There is bound to be at least one entry in the Napa Valley Museum’s latest exhibition, “Discrepancy: Living Between War and Peace,” that stops viewers in their tracks, makes a wrenching connection or triggers a silent flow of tears.

Twenty-three artists and three writers, as well as veterans in the Pathway Home project, have created personal reflections on the impact of the catastrophic collapse of the World Trade Center’s twin towers nearly a decade ago and ongoing wars in the Middle East.

“Sept. 11 was a huge marker in our culture and it got swept up with the two wars, Iraq and Afghanistan,” said the show’s curator, St. Helena artist Nancy Willis. “You are compelled to watch the images over and over again ... trying to connect with the humanity of what was going on, not just the conflict but everyday life — everyday life there, everyday life here.”

Willis’ response was to take up her paintbrush and try to make sense of it on canvas. She also made a series of solar plate etchings of the twin towers. When the U.S. focus on Afghanistan shifted to include Iraq, Willis began collecting images of suicide bombings. Then came the chaos of the tsunami in the Indian Ocean (2004) and Hurricane Katrina (2005). 

When she wasn’t in her studio committing her thoughts to canvas, Willis was talking with artist friends, who, she soon realized, were all trying to reconcile the world around them.

“It was impossible,” she said. “I knew I had to narrow the focus. The idea starts with an expansive investigation and it takes a lot of experimentation. I couldn’t identify what I was after, but I knew I’d know it when I saw it.”

When that happened, her next idea was to curate a show. 

By now it was 2010, almost too late to mount an exhibition of the size and scope she had in mind in time for the 10th anniversary of Sept. 11.

Nevertheless, she presented her idea to the Napa Valley Museum. Buoyed by the positive response, Willis put together a list of artists “and really got started, talking to artists and to curator friends to get their feedback on how I was going to do this.”

“I took action to assuage my own helplessness,” she said. “I took action as an artist but also for my community because ... I don’t really see this dialogue taking place. I think we have to be very careful that we don’t become insulated. We live in a beautiful place, but that doesn’t mean we can’t be connected.”

To be honest, Willis said, she knew the amount of work that lay ahead. The art teacher and art tour producer is not only teaching principles of design to baking and pastry students at Greystone’s Culinary Institute of America, she is also a former curator of the Markham Winery gallery.

“There were times when I stopped and thought, ‘Do I really want to do this?’” Willis said. “But I felt compelled. ... It came from my heart. How would I feel if Sept. 11 came around and I hadn’t done this?”


Selecting artists

Her initial list of artists was much too long, so she developed a set of criteria and looked closely at work that dealt with remembrance, with innocence. Paring it down was still difficult, but in the end she based her decision on her personal vision of what she hoped the show would be.

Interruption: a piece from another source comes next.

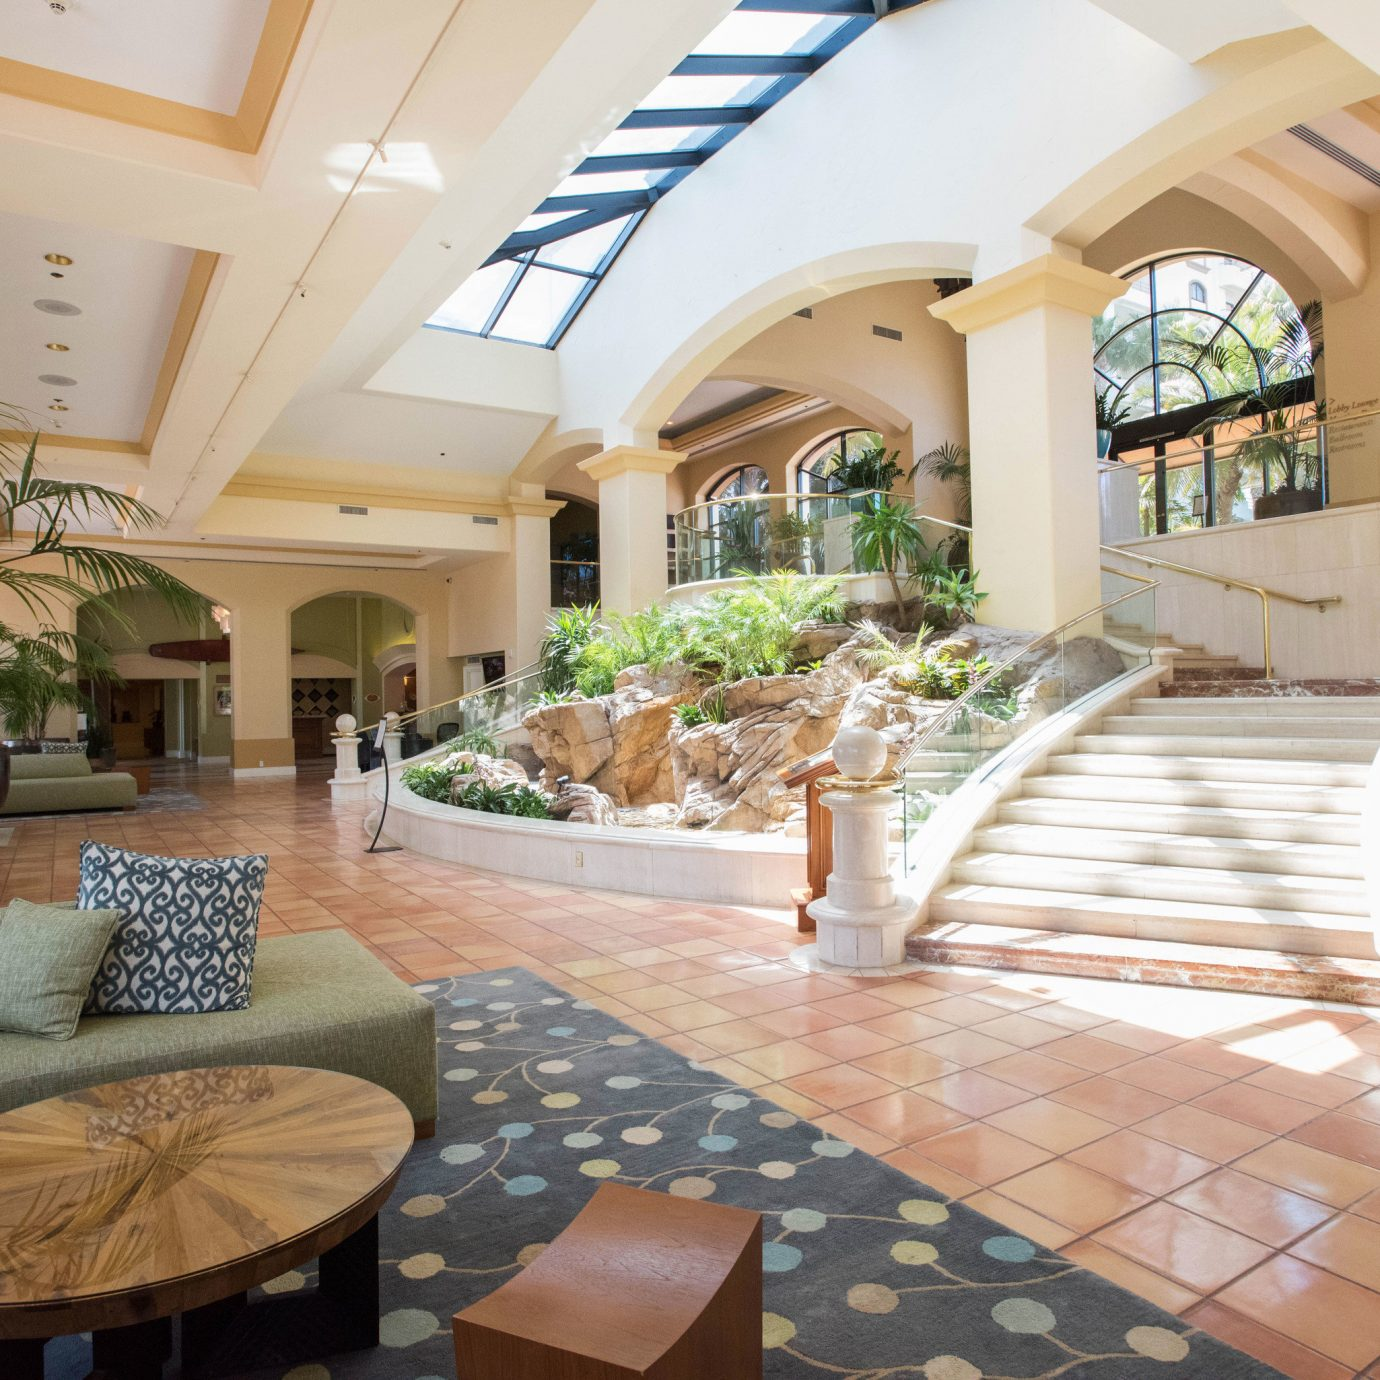 property Lobby home Resort Villa condominium Courtyard living room hacienda mansion outdoor structure cottage Dining stone
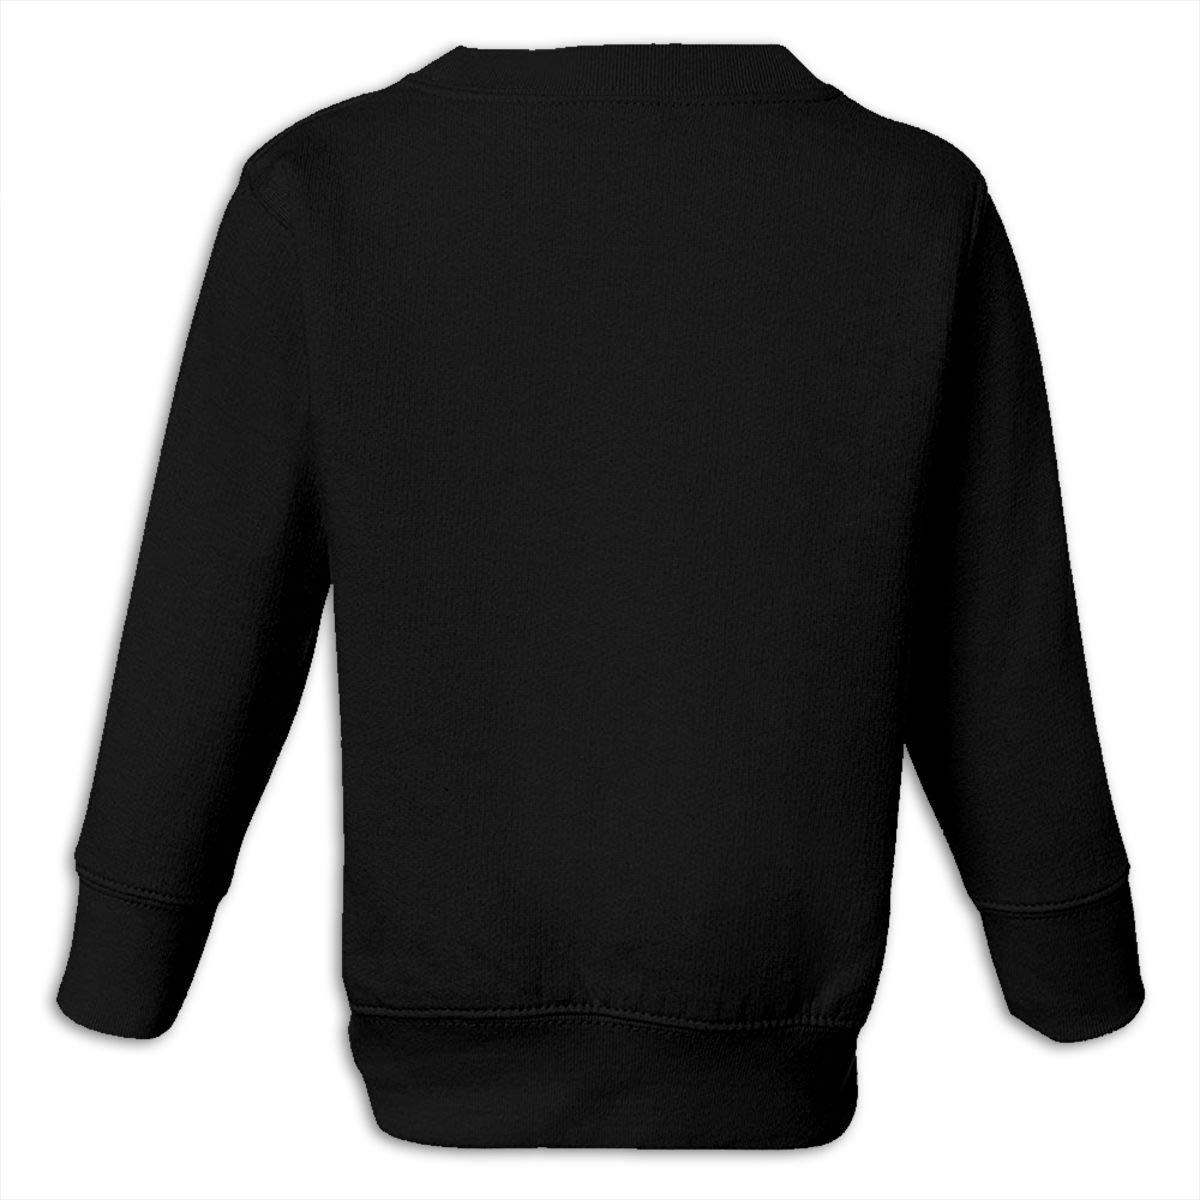 NMDJC CCQ So Cute Must Be Irish Baby Sweatshirt Adorable Juvenile Hoodies Cotton Outfits

“I wasn’t as clear and specific then as I am now,” Willis admitted. “Now I can walk through and talk about everybody’s work and how it fits, but until that work actually got delivered, it was still sort of a mystery. I wasn’t sure exactly how they would all fit, but I believed. ... Everybody pulled through with really solid work.”

Not all are paintings. The exhibition includes Wendy Willis’ hand-colored photopolymer etching/collage, which reimagines the fate of the 200 who leapt to their deaths on Sept. 11. 

Deborah Oropallo’s series of inkjet print photographs tacked along one wall creates a panorama of crosses she calls “Roadside America,” and Sue Bradford created swagged curtains and a chair in printed fabric depicting children playing war games. 

There are also masks with accompanying poems and short essays, the work of veterans trying to refind their way in the Pathway Home project. Eleanor Coppola’s “Ghost Fence” comprises 22 white-tipped posts representing dead loved ones. Willis entered her three-part solar plate etching, “Smolder.” Rob Keller contributed his birth certificate dated Sept. 11, 1964. And large as life, parked on the gallery floor, is artist Lewis deSoto’s “Imperial America,” a customized 1956 Chrysler Imperial sedan fitted out with model of a 1956 Redstone ICBM, also manufactured by Chrysler.

Arminee Chahbazian’s two-part installation includes a bed of salt and feathers; Michael Hall’s piece at the museum’s entrance incorporates lumber, concrete and sod; Michelle Wilson cut out handmade denim to cast the shadow of an oil rig.

The meaning of some entries is self-evident; others are more elusive and depend on an accompanying statement to map out the artist’s intent. All are powerful.

What Willis envisions now is an ongoing conversation triggered by the images in “Discrepancy.” 

The Pathway home vets, 23 artists, three writers and the Napa Valley Museum have taken the first step.